### EXERCISE
Here the job is to repeat the listing exactly, but not the pictures in it.

### RECORDED DATA

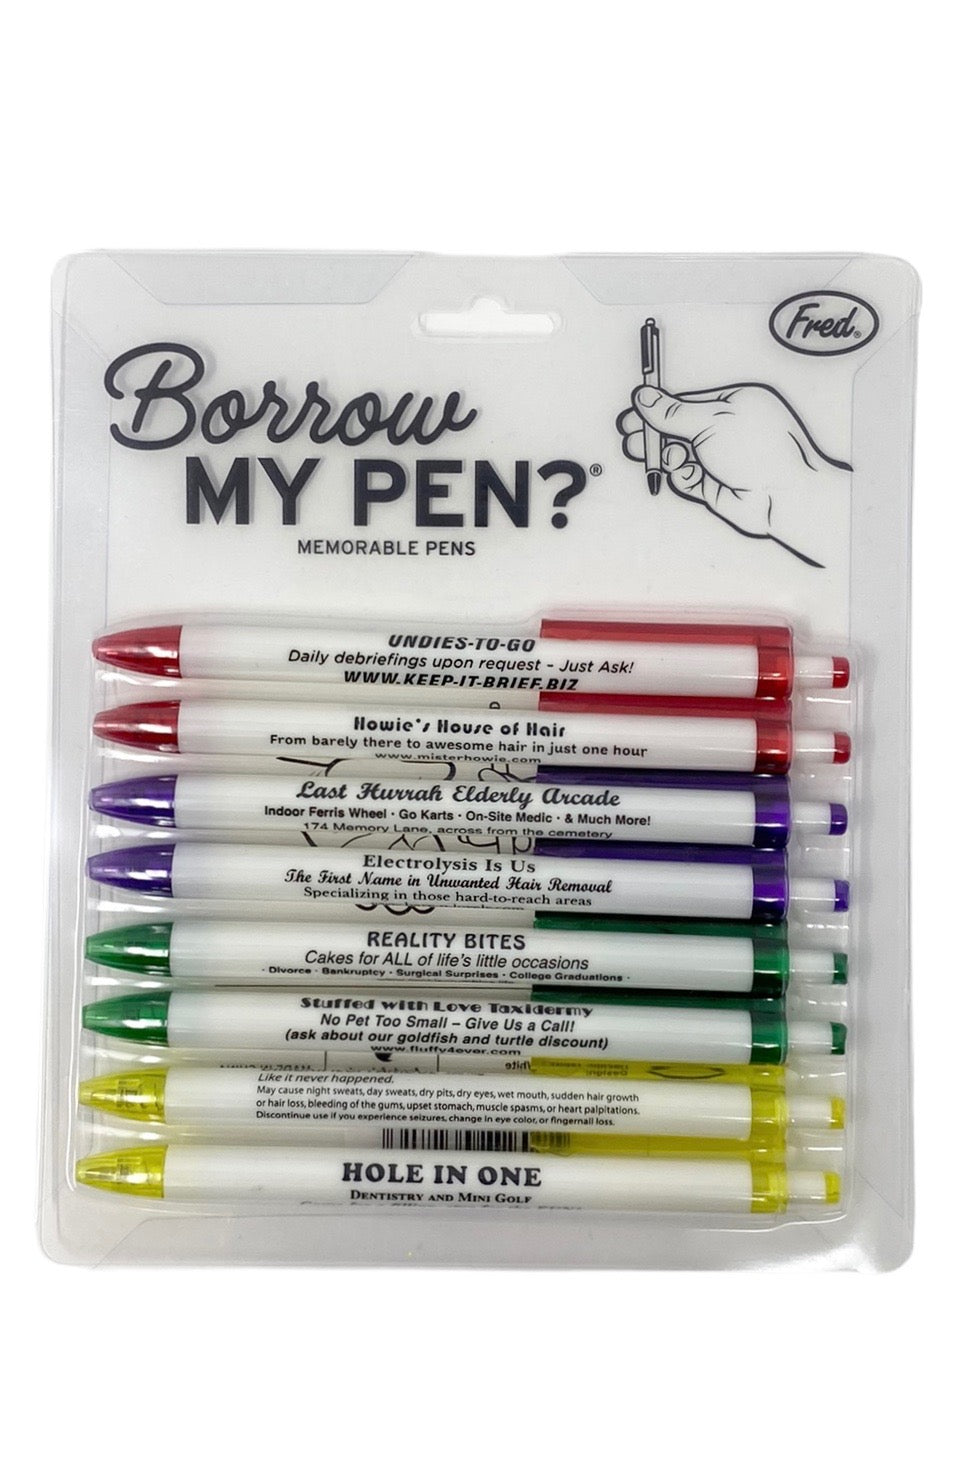 Borrow My Pen?
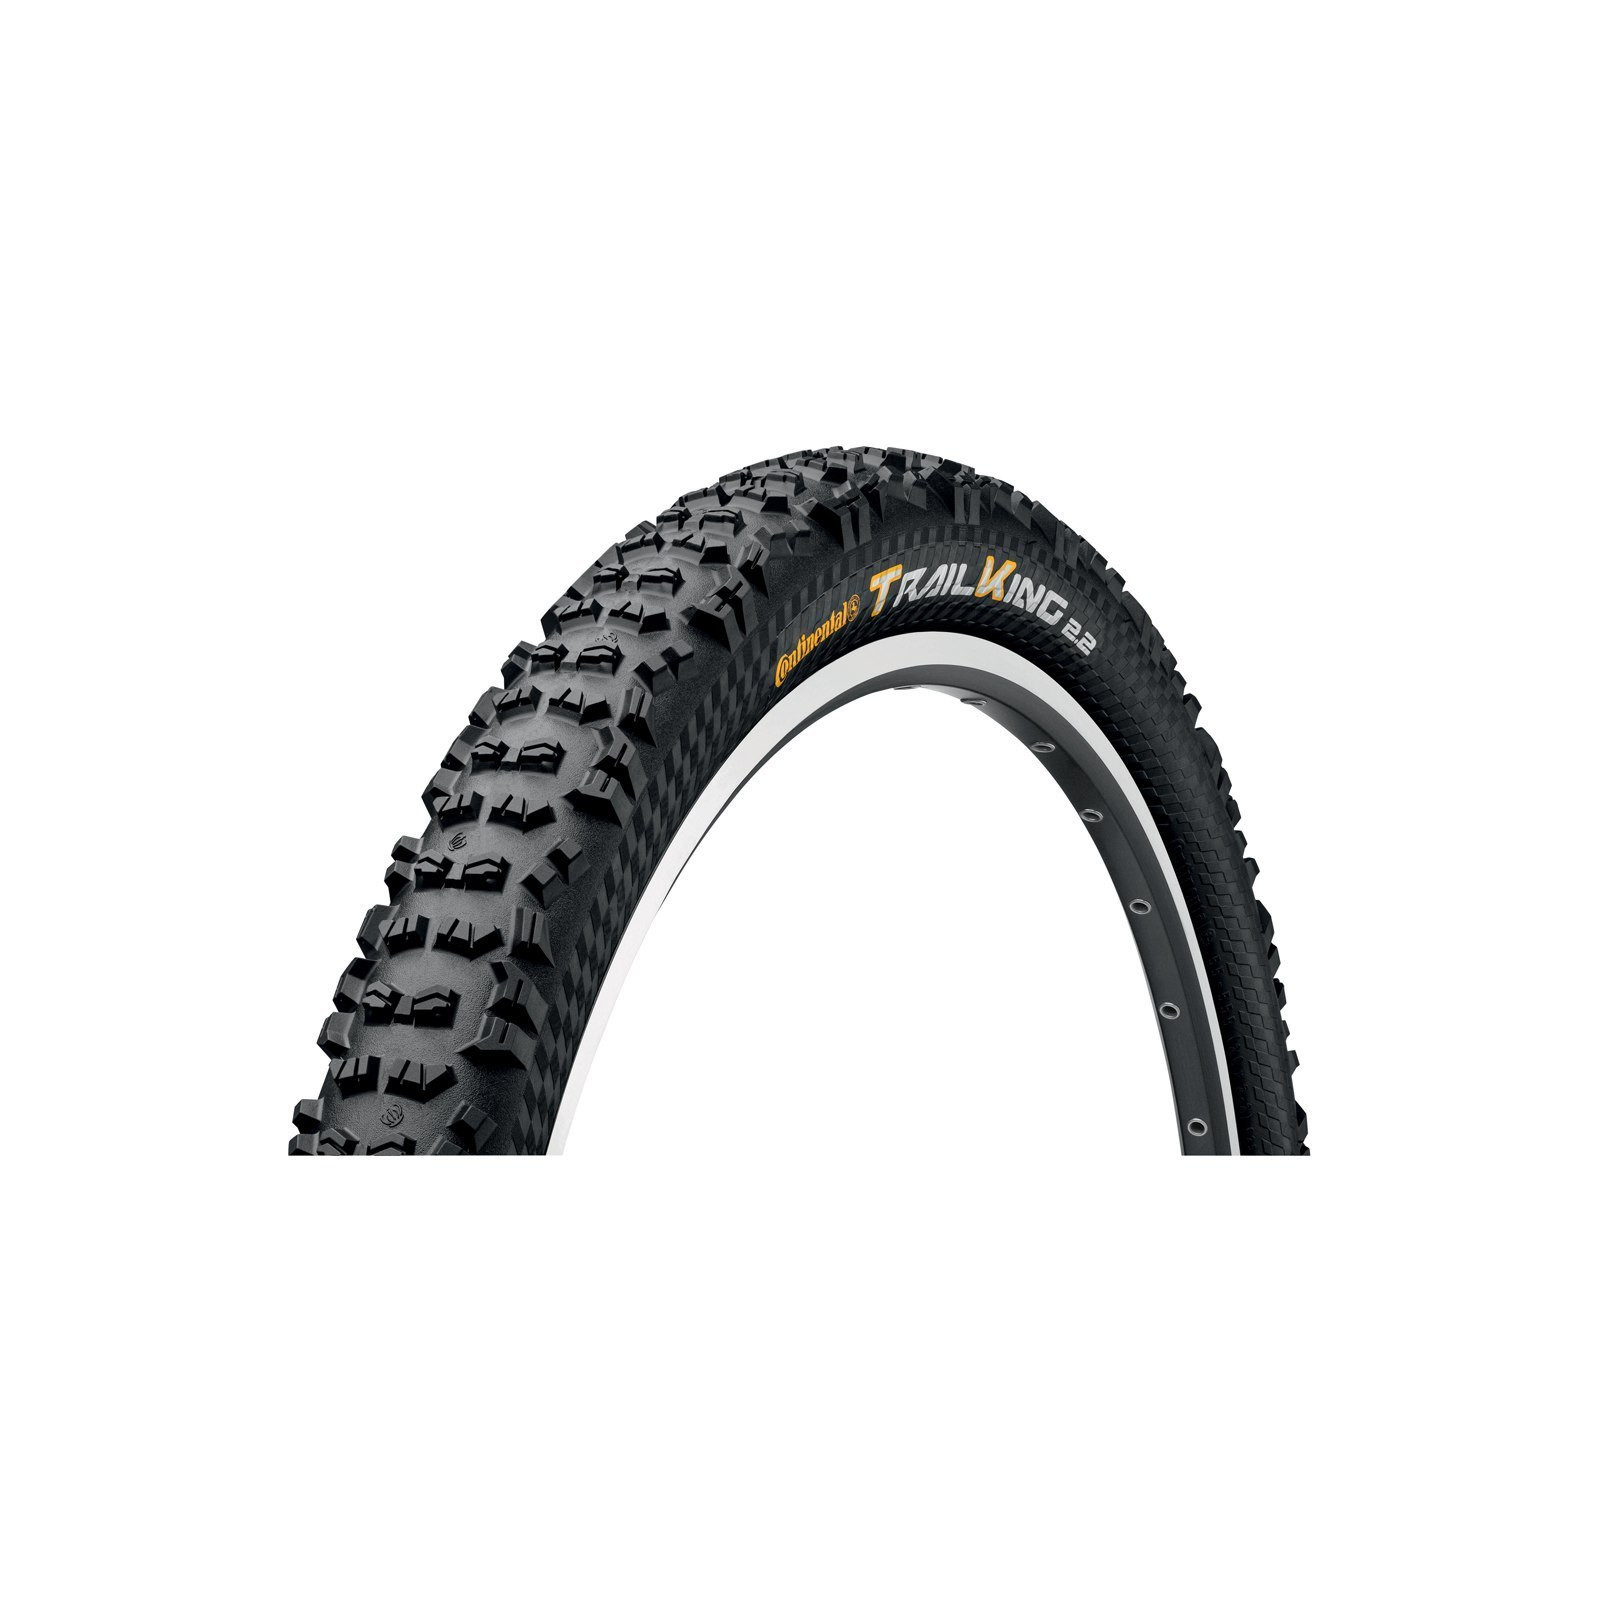 vingerafdruk Verstrooien Goneryl Continental Trail King ProTection + Apex MTB - Tire (F) - 26 x 2.4
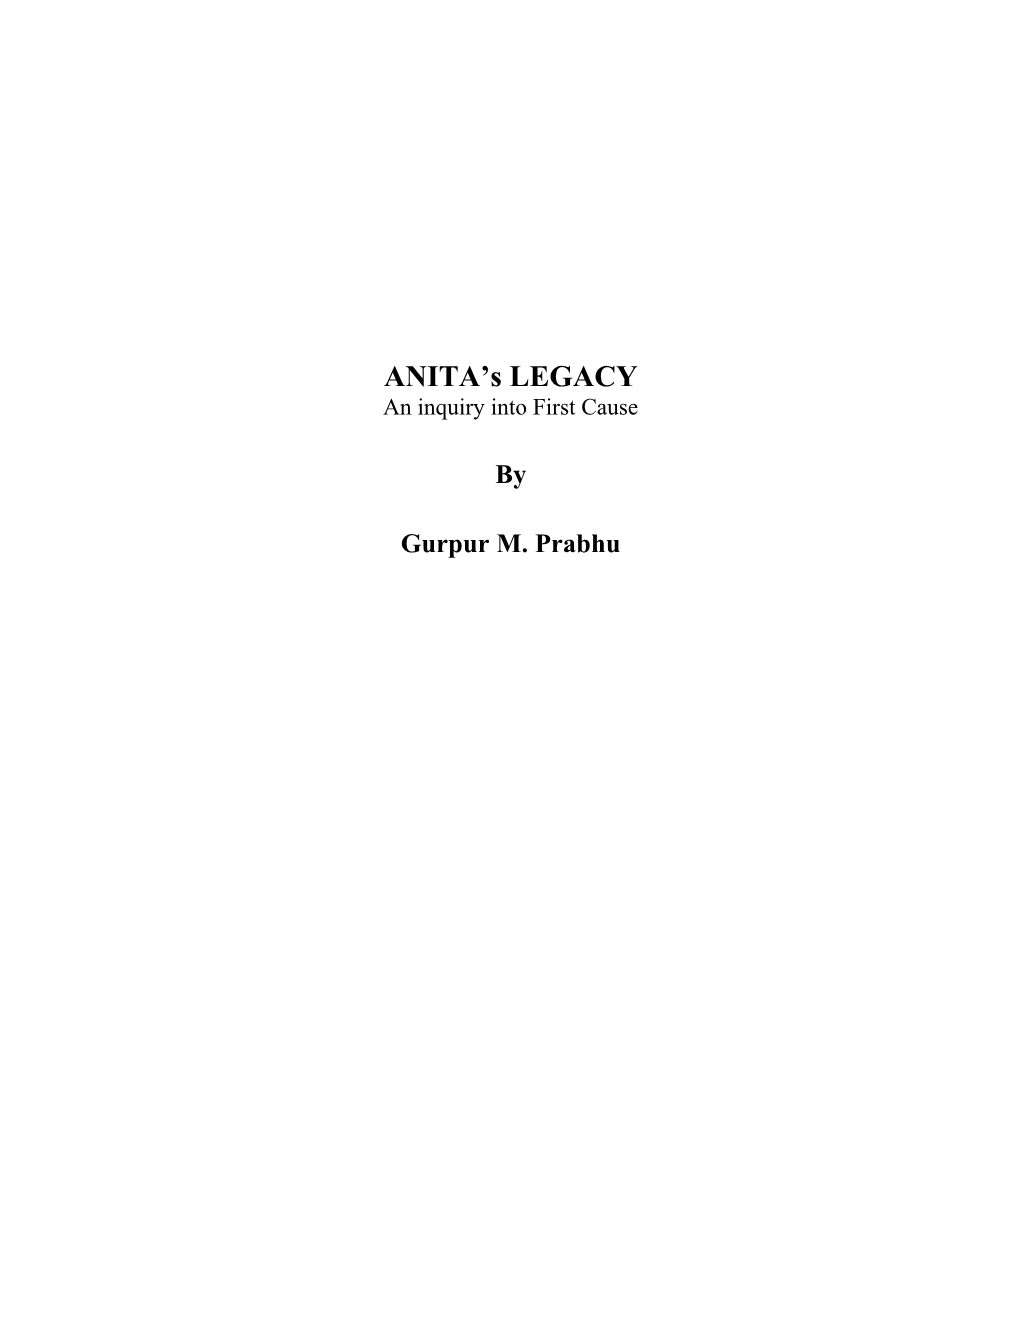 Anita's Legacy Prologue
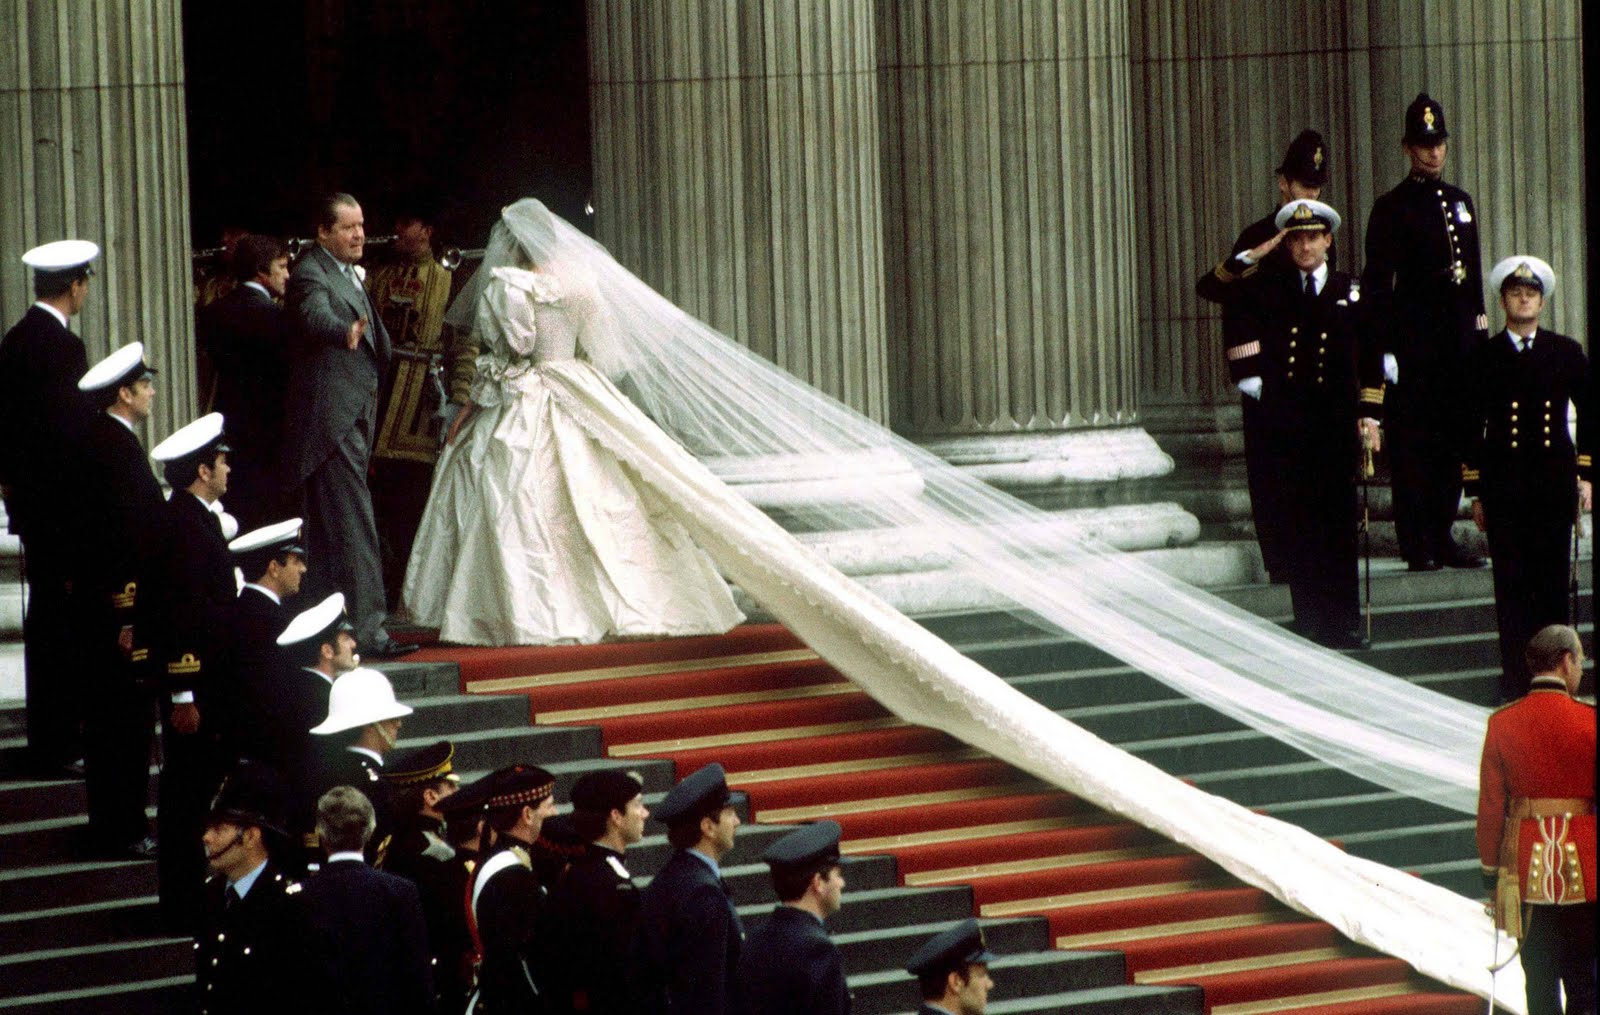 http://1.bp.blogspot.com/-I6hf_H6Dpn0/Tke9aSKgrrI/AAAAAAAADzY/Qz7t7kAhzGI/s1600/1981-Princess-Diana-Wedding-73399860.jpg

### ANSWER TO THE EXERCISE
 Borrow My Pen?
 vingerafdruk Verstrooien Goneryl Continental Trail King ProTection + Apex MTB - Tire (F) - 26 x 2.4
 Anita's Legacy Prologue
 http://1.bp.blogspot.com/-I6hf_H6Dpn0/Tke9aSKgrrI/AAAAAAAADzY/Qz7t7kAhzGI/s1600/1981-Princess-Diana-Wedding-73399860.jpg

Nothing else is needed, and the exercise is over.